Asthma is an airway inflammatory disease caused by activation of numerous immune cells including macrophages. Bakuchicin (BKC) is known to exhibit anti-inflammatory effects and type 2 T helper (Th2) regulation, but has not been investigated for airway inflammation. This study aimed to evaluate the effects of BKC on airway inflammation and demonstrate the mechanisms of macrophage polarization.

Methods

The anti-inflammatory effects were determined using lipopolysaccharide (LPS)-stimulated macrophages. The ovalbumin (OVA)-induced asthma mouse model was used to evaluate the effects of BKC on airway inflammation and Th2 responses.

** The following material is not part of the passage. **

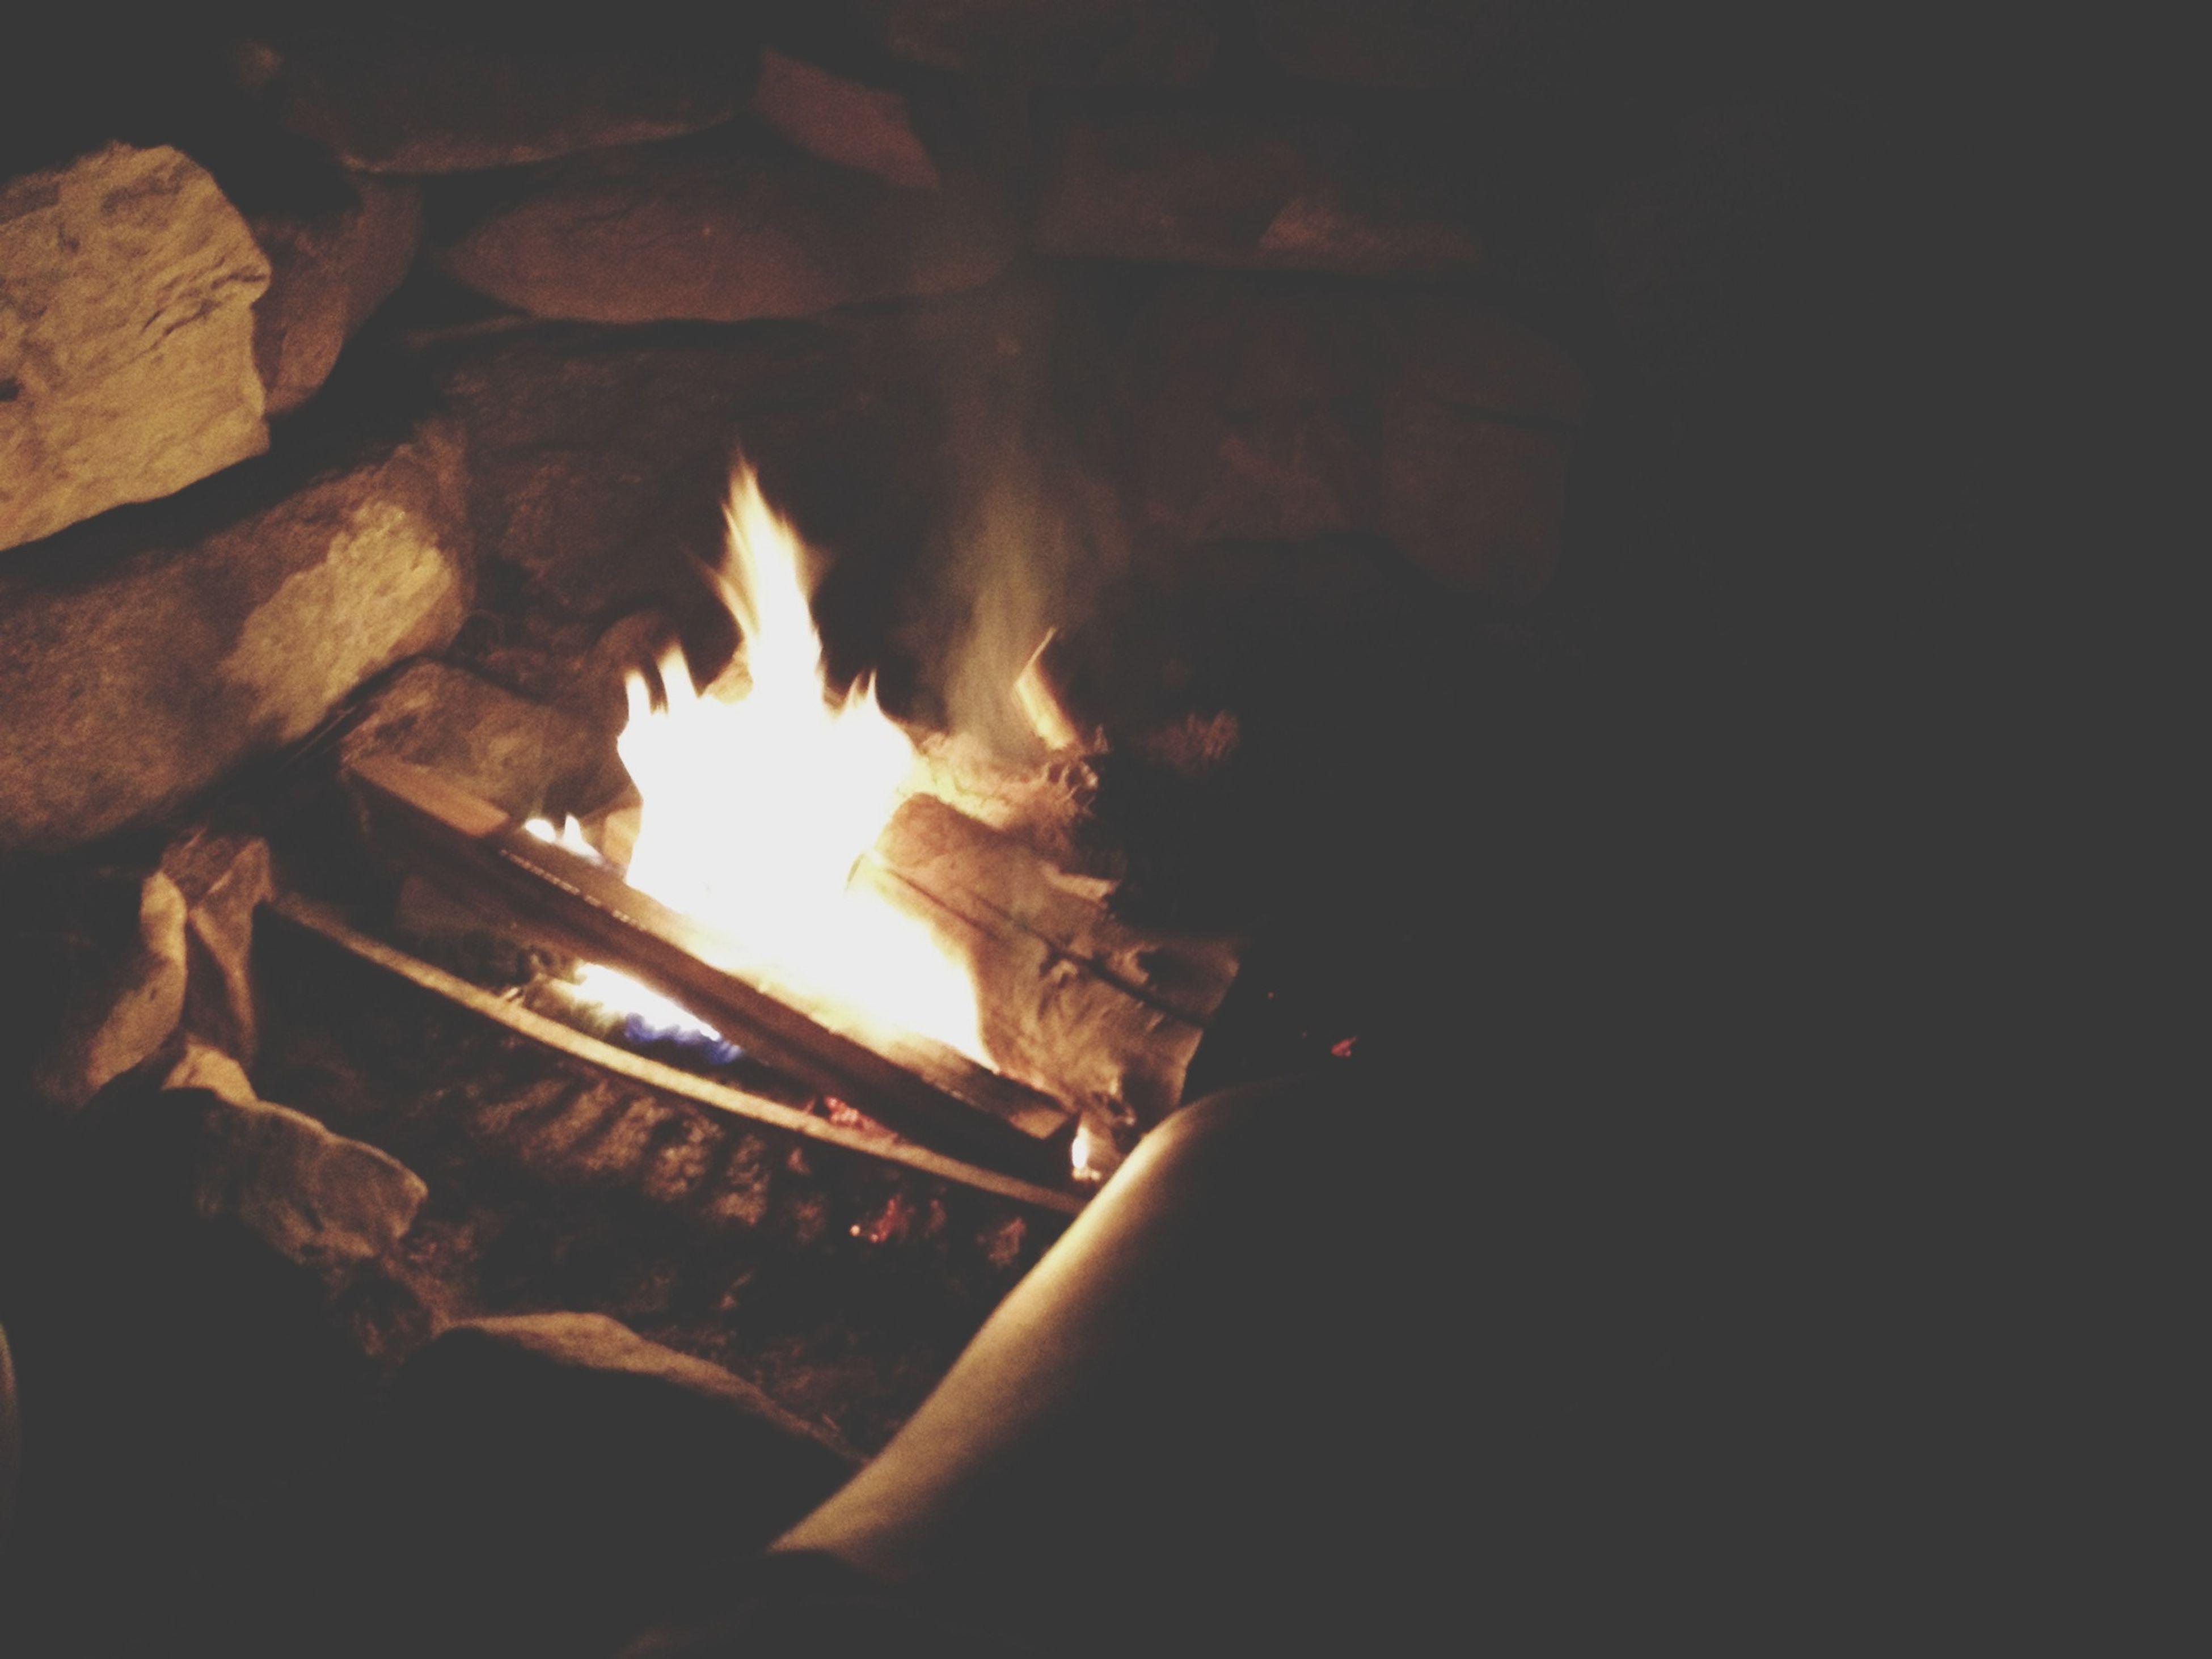 flame, burning, fire - natural phenomenon, heat - temperature, fire, glowing, night, bonfire, heat, firewood, indoors, illuminated, dark, close-up, campfire, light - natural phenomenon, candle, fireplace, no people
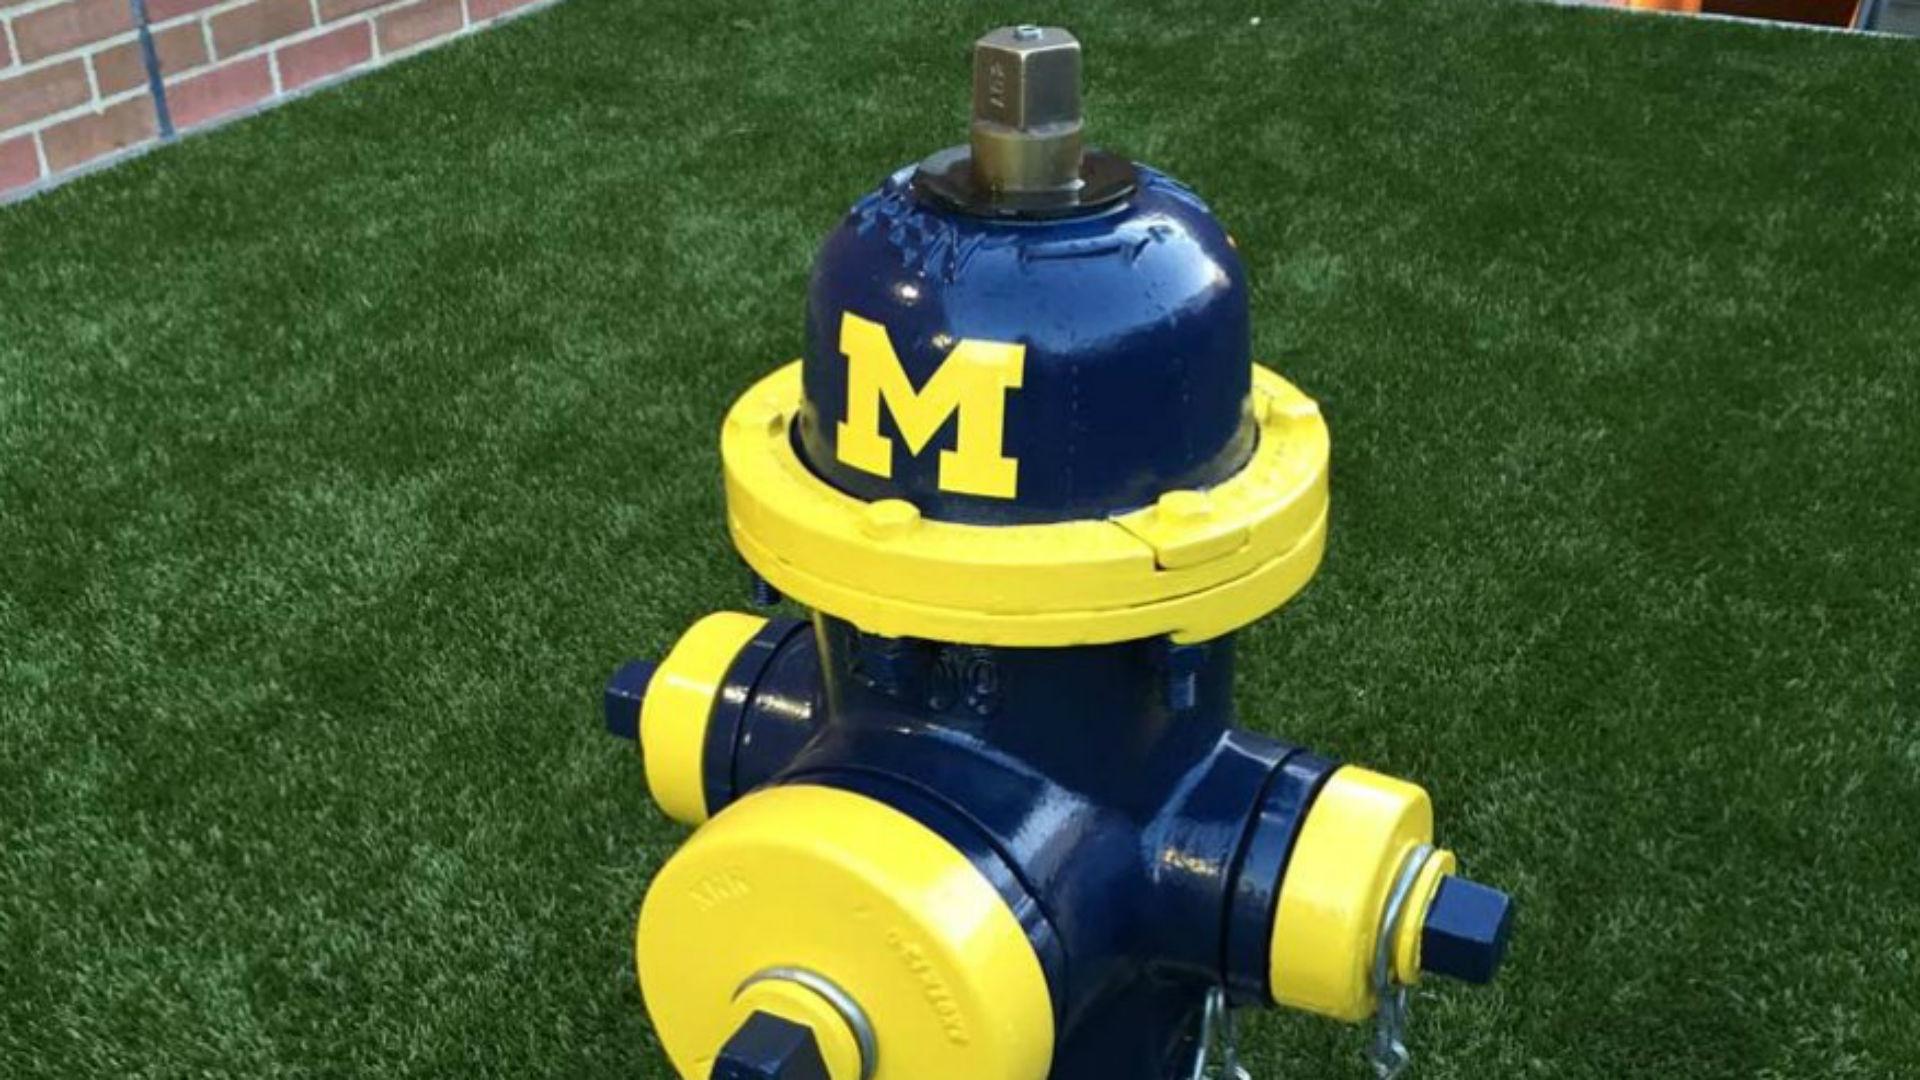 Ohio State's veterinary school has Michigan hydrants

Moreover, the effect of BKC on macrophage polarization was confirmed in bone marrow-derived macrophages (BMDMs) differentiation.

Results

BKC suppressed nitric oxide production and expression of pro-inflammatory cytokines by inhibiting signaling pathway in LPS-stimulated macrophages. In an OVA-induced asthma model, BKC treatment alleviated histological changes and mast cell infiltration and reduced the levels of eosinophil peroxidase, β-hexosaminidase, and immunoglobulin levels. In addition, BKC alleviated Th2 responses and M2 macrophage populations in bronchoalveolar fluid. In BMDMs, BKC suppressed IL-4-induced M2 macrophage polarization and the expression of M2 markers such as arginase-1 and Fizz-1 through inhibiting sirtuin 2 levels.

Conclusion

BKC could be a drug candidate for the treatment of allergic asthma.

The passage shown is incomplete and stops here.